Computes dynamical correlation estimates for pairs of longitudinal responses, including consideration of lags and derivatives, following a local polynomial regression smoothing step.

Usage

dynamicCorrelation(dataFrame, depVar, indepVar, subjectVar,
                   function.choice, width.range, width.place,
                   min.obs, points.length, points.by, boundary.trunc,
                   lag.input, byOrder, by.deriv.only, full.lag.output)

Arguments

dataFrame

The data frame that contains the dependent variables/responses, the independent variable (often time), and the subject/individual identification; there should be one row entry for each combination of subject/individual and indepVar (often time).

depVar

Dependent variables/responses; at least two are necessary for purposes of calculating at least one dynamical correlation estimate of interest; there should be a unique column within depVar for each response.

indepVar

Independent variable, typically the discrete recorded time points at which the dependent variables were collected; note that this is the independent variable for purposes of curve creation leading into estimating the dynamical correlations between pairs of dependent variables; must be contained in a single column.

subjectVar

Column name of the individuals; there should be one row entry for each combination of subject/individual and indepVar.

function.choice

A vector of length 3 to indicate which derivatives desired for local polynomial curve smoothing; 1st entry is for 0th derivative (i.e., original function), 2nd entry is for 1st derivative, 3rd is for 2nd derivative; 1=yes, 0=no. e.g., c(1,0,1) would be specified if interest is in looking at derivative 0 and derivative 2, c(1,0,0) for looking at original function (0th derivative) only, etc.

width.range

Bandwidth for local polynomial regression curve smoothing for each dependent variable/response; it can be a list that specifies a distinct bandwidth two-element vector for each response, or a single two-element vector that is used for each of the responses <U+2014> the program is currently set up to allow linearly increasing or decreasing bandwidths, specified by this two-element vector with the increase (or decrease) occurring from the first argument in width.place to its second argument; the lpepa function within the lpridge package is called, which uses Epanecknikov kernel weighting, and the specifications of bandwidth in width.range will be used there; the default bandwidth is the range of indepVar (usually time) divided by 4, i.e., a constant global bandwidth.

width.place

Endpoints for width change assuming a non-constant bandwidth requested <U+2014> the program is currently set up to allow linearly increasing or decreasing bandwidths, specified in width.range, with the increase (or decrease) occurring from the first argument in width.place to its second argument; it can be a list that specifies different endpoints for each response, or a single vector of endpoints that is used for each of the responses; default is no endpoints specified which means constant global bandwidth throughout the range of indepVar.

min.obs

Minimum oberservation (follow-up period) required. If specified, individuals whose follow-up period shorter than min.obs will be removed from calculation. Default = NA (use whole dataset provided).

points.length

Number of indep (time) points for dynamic correlation calculation for each response of each individual. This is the number of points between time 0 and minimum of maximum of individual follow-up periods (max_common_obs). Note that each individual<U+2019>s full follow-up time span is used in the local polynomial regression curve smoothing step, but only the first points.length number of time points (from time 0 to max_common_obs) is used in the following dynamic correlation calculation. Default points.length value is set to 100; points.length takes precedence unless points.by is specified.

points.by

Interval between indep (time) points for local polynomial regression curve smoothing for each response of each individual. Both integer and non-integer value could be specified, and time grid will be computed accordingly.
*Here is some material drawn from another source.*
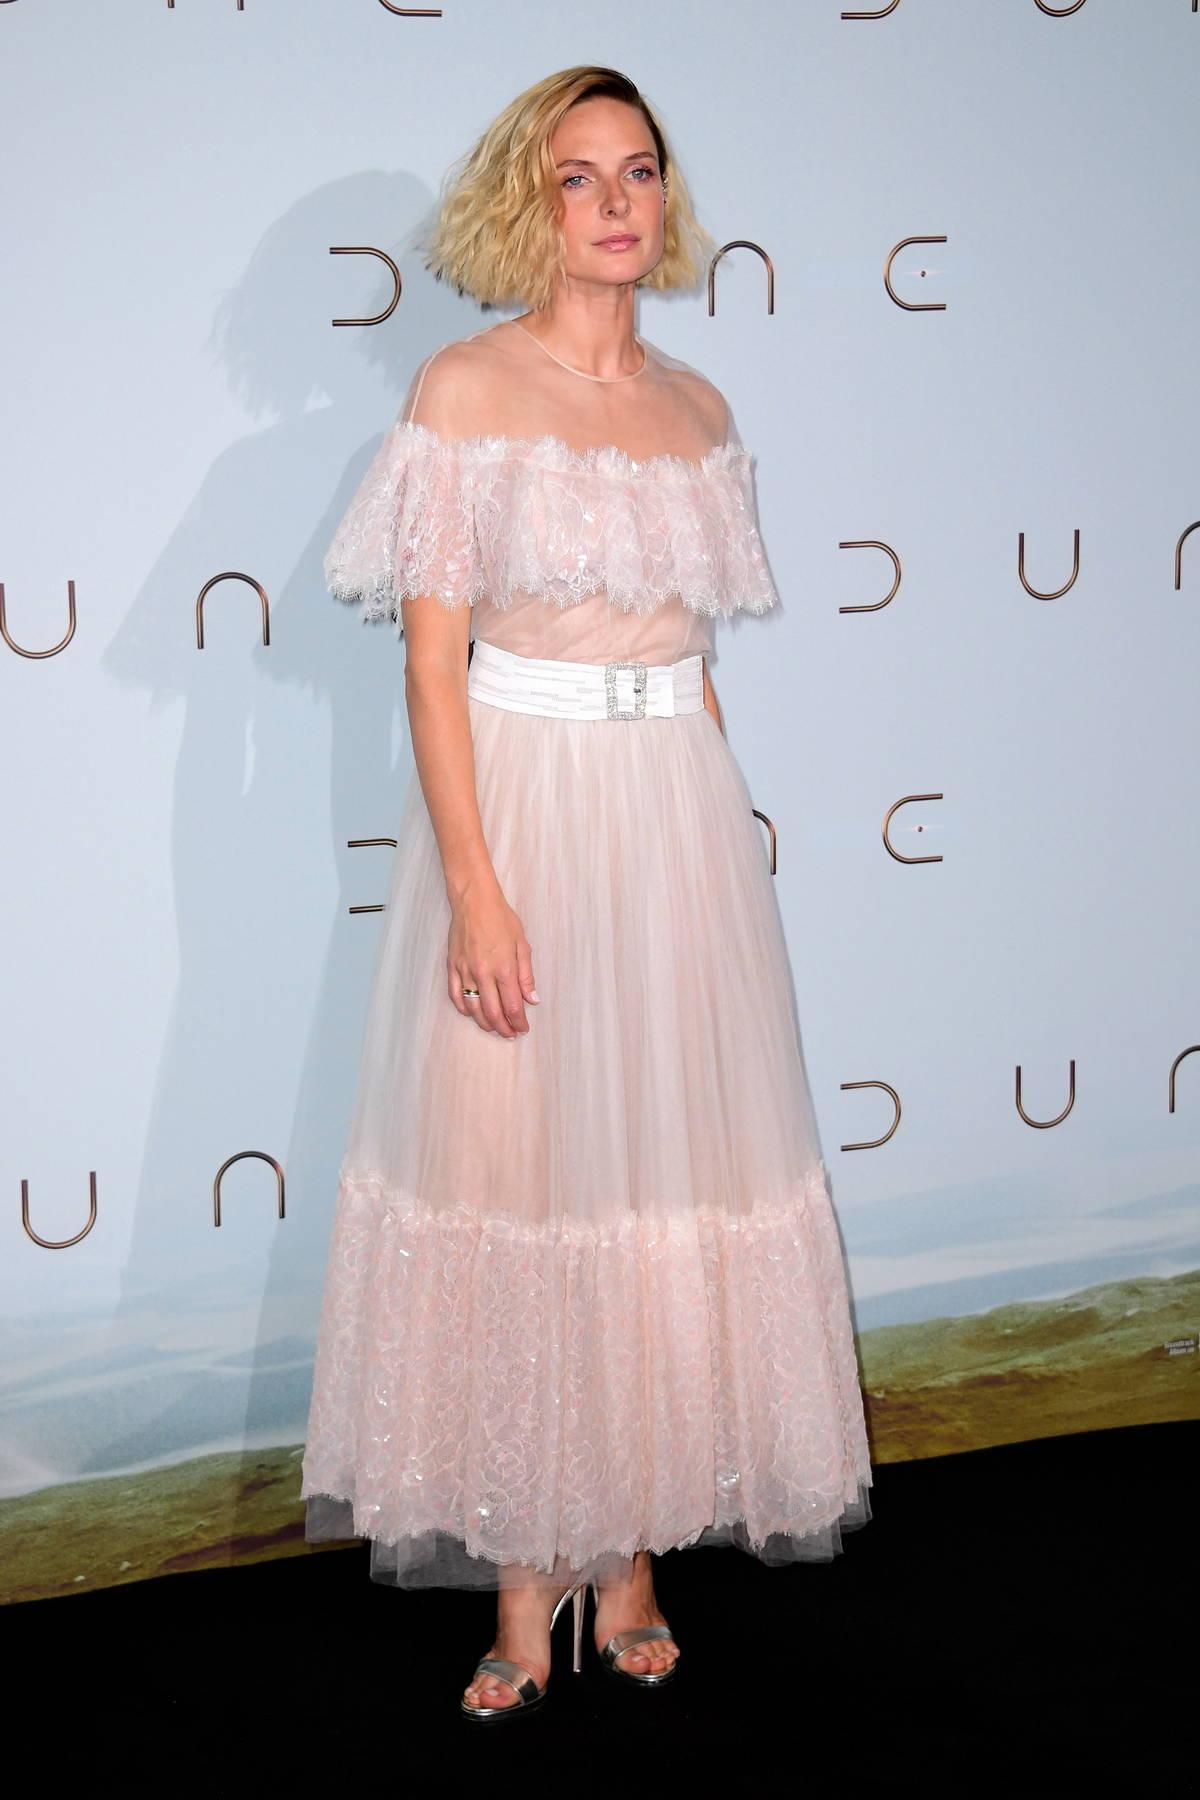 Rebecca Ferguson attends the Premiere of 'Dune' at Le Grand Rex in Paris, France

Note that points.length takes precedence (default = 100) unless points.by is specified.

boundary.trunc

Indicate the boundary of indepVar that should be truncated after smoothing; this may be done in case of concerns about estimating dynamical correlation at the boundaries of indepVar; this is a two element vector, where the first argument is how much to truncate from the right of the minimum value of indep.var and the second argument is how much to truncate from the left of the maximum value of indep var, within an individual and specific response; default is no truncation, i.e., c(0,0).

lag.input

Values of lag to be considered; can be a vector of requested lags, for which a dynamical correlation estimate will be produced for each pair of responses at each lag; a positive value of lag.input means that the first entry for the dynamical correlation leads (occurs before) the second entry <U+2014> conversely, a negative value means that the second entry for the correlation leads the first entry; default is no lag at all considered.

byOrder

A vector that specifies the order of the variables/responses and derivatives (if any) to be the leading variable in the calculations; this will have an effect on how lag.input is to be interpreted; default is to use the order as specified in the depVar argument.

by.deriv.only

If TRUE, the inter-dynamical correlations between different derivatives are not computed, which can save computation time (e.g., when function.choice=c(1,0,1) is specified and by.deriv.only=T, then only dynamical correlations will be calculated within (and not across) the 0th and 2nd derivative estimates, respectively); default is TRUE.

full.lag.output

If TRUE, the dynamical correlation values for each pair of responses and requested derivative will be stored in vectors corresponding to different lag values, which enables plotting the correlations as a function of lag values; all the vectors will be stored in the returned attribute resultMatrix; default is FALSE.

Details

This function will provide smooth estimates (curves/functions or their derivatives) of longitudinal responses of interest per individual, then generate dynamical correlation estimates for each pair of responses. Lags of interest can be specified, using the lag.input argument. For smoothing, the function uses local polynomial smoothing using Epanecknikov kernel weighting (by calling the function lpepa within the lpridge package). The default global bandwidth is generated by taking the range of indepVar (usually time) and dividing by 4. This, by default, will be a constant global bandwidth, but proper specification of the width.range and width.place arguments can allow for a more flexible bandwidth choice, including different specification for each response in depVar. Note that the correlation will only be calculated as far as min of max observation time (max_common_obs) across all individuals, by default, hence caution should be taken if there is large heterogeneity among max observation times across individuals. Details of the methodology for dynamical correlation can be found in Dubin and Muller (2005).

See Also

lpepa

Examples

Run this code
# NOT RUN {
## Example 1: using default smoothing parameters, obtain dynamical
##            correlation estimates for all three pairs of responses,
##            for both original function and the first derivative.
##            Note that in dynCorrData, mininum of maximum obs. time
##            = 120, results should be the same if either points.by
##            = 1 or points.length = 120 is specified.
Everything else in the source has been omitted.